In August 1910, an Irish sign-painter and decorator named
Robert Noonan left the town of Hastings on the south coast of England, and made his way north and west towards Liverpool, with the hope of emigrating to Canada. Already sick with tuberculosis, his condition worsened once he reached the city, and he was to die there in a workhouse hospital ward, in February 1911. He had, however, left in the care of his daughter Kathleen
a package that was to change the political landscape of twentieth-century Britain.

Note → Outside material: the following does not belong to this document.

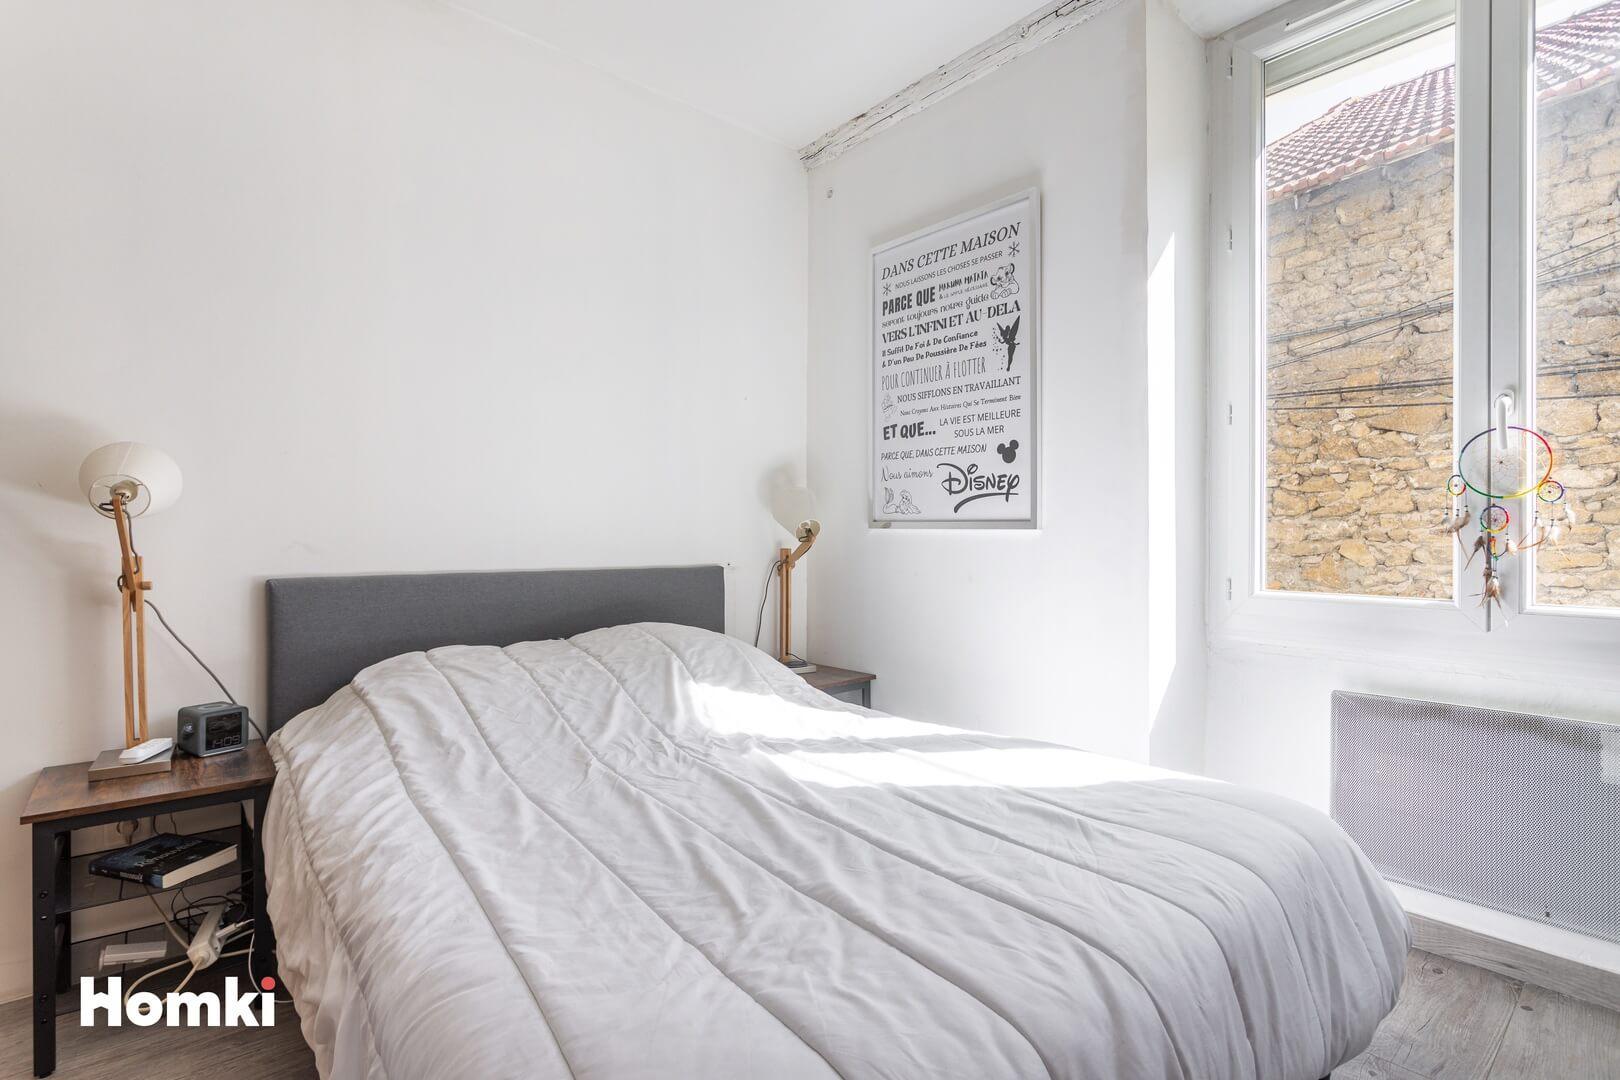 Homki - Vente Maison/villa  de 90.0 m² à Sorgues 84700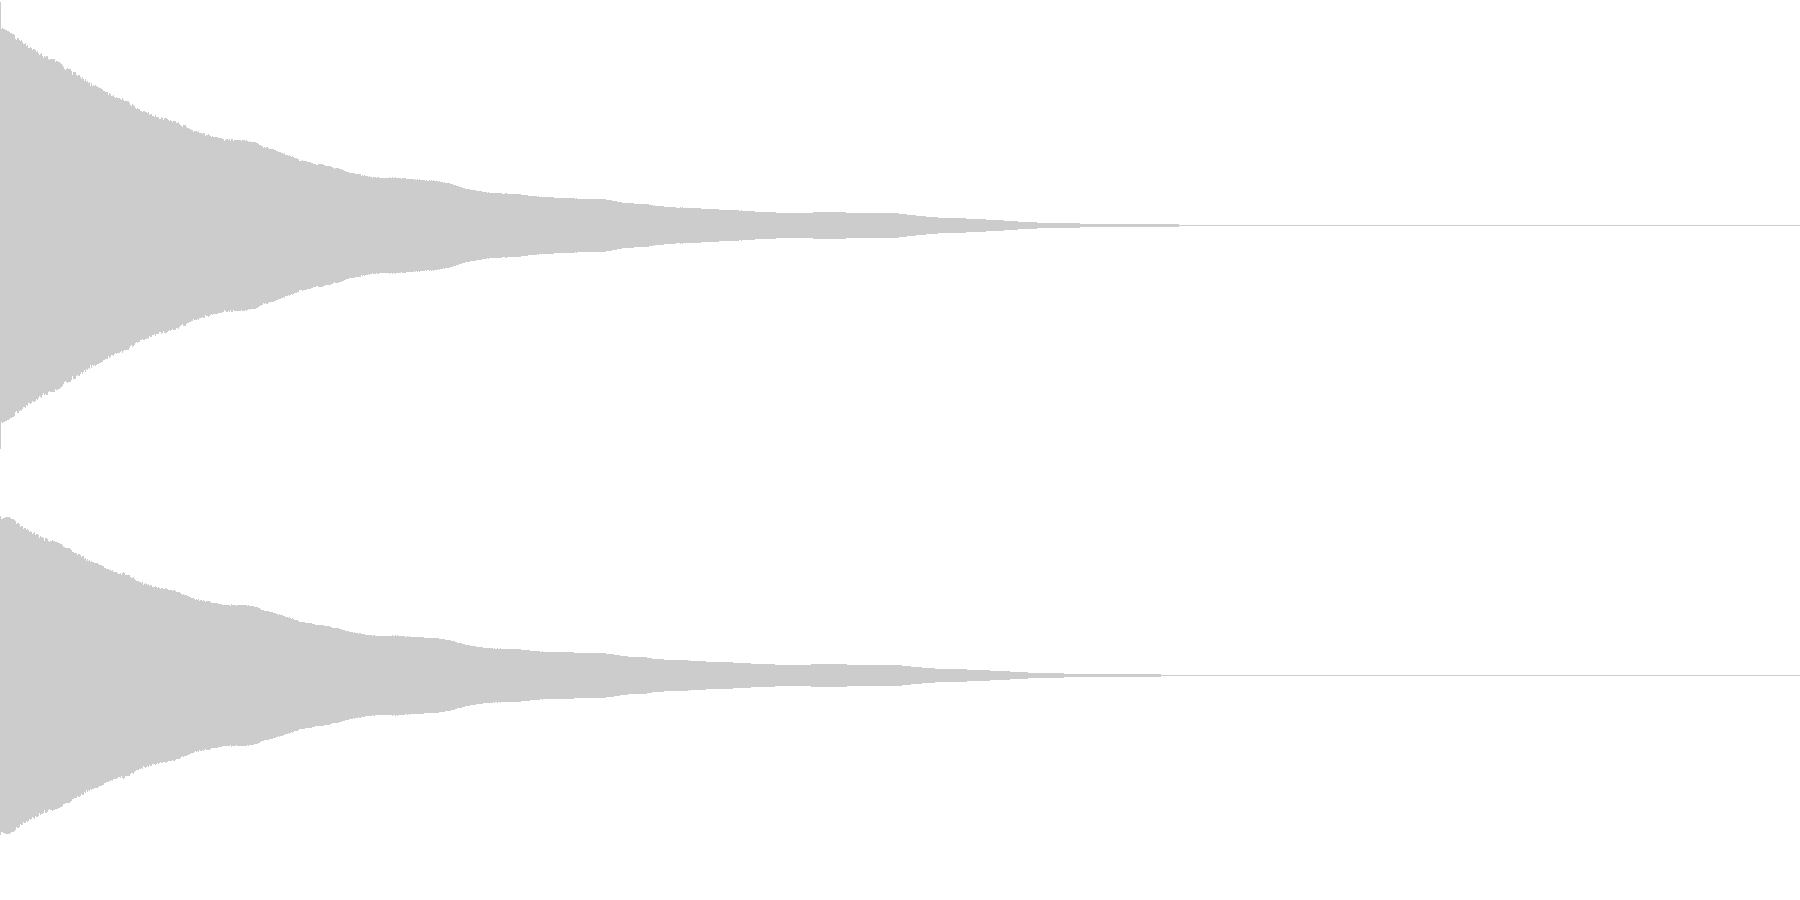 ポワワワーン(目が回る音)の未再生の波形

Composed between 1906 and 1910, and written under the pen-name of Robert Tressell,
The Ragged-Trousered Philanthropists told the story of a group of house-painters and craftsmen living and working in the appalling conditions of Edwardian provincial capitalism, in the fictional town of Mugsborough, a narrative based on Tressell's own working life in Hastings. The novel's central character, Peter Owen, preaches the socialist cause to try to convert his fellow working men (the titular characters, who seem content to 'donate' their labour to their capitalist masters). Tressell was to die without seeing his book in print, but it has now sold over a million copies in numerous languages and it has never been out of print since its eventual publication in 1914; its text can be found
here, and Tressell's original manuscript can be scrolled through
here. The Trades Union Council keeps detailed
pages devoted to Tressell, as does
Hastings Museum.
The Robert Tressell Society runs an
annual festival in the town in his honour. Although after his death in 1911, he was
buried in a pauper's grave in Liverpool, a
monument was subsequently raised over the spot, as well as at the hospital in which
he died. In his adopted home of Hastings he is honoured throughout the townscape, including an
accommodation block of the university, and several
commemorative plaques. His family received
nothing beyond the £25 Kathleen was paid for the rights to the manuscript in 1914, although she and her own son
continued to
champion the novel's causes. There has been a marked upswing in the
book's sales this year, and this week
The New Statesman named it number 5 in
their list of the most important progressive and liberal books ever (just behind Marx, Engels, and Jesus).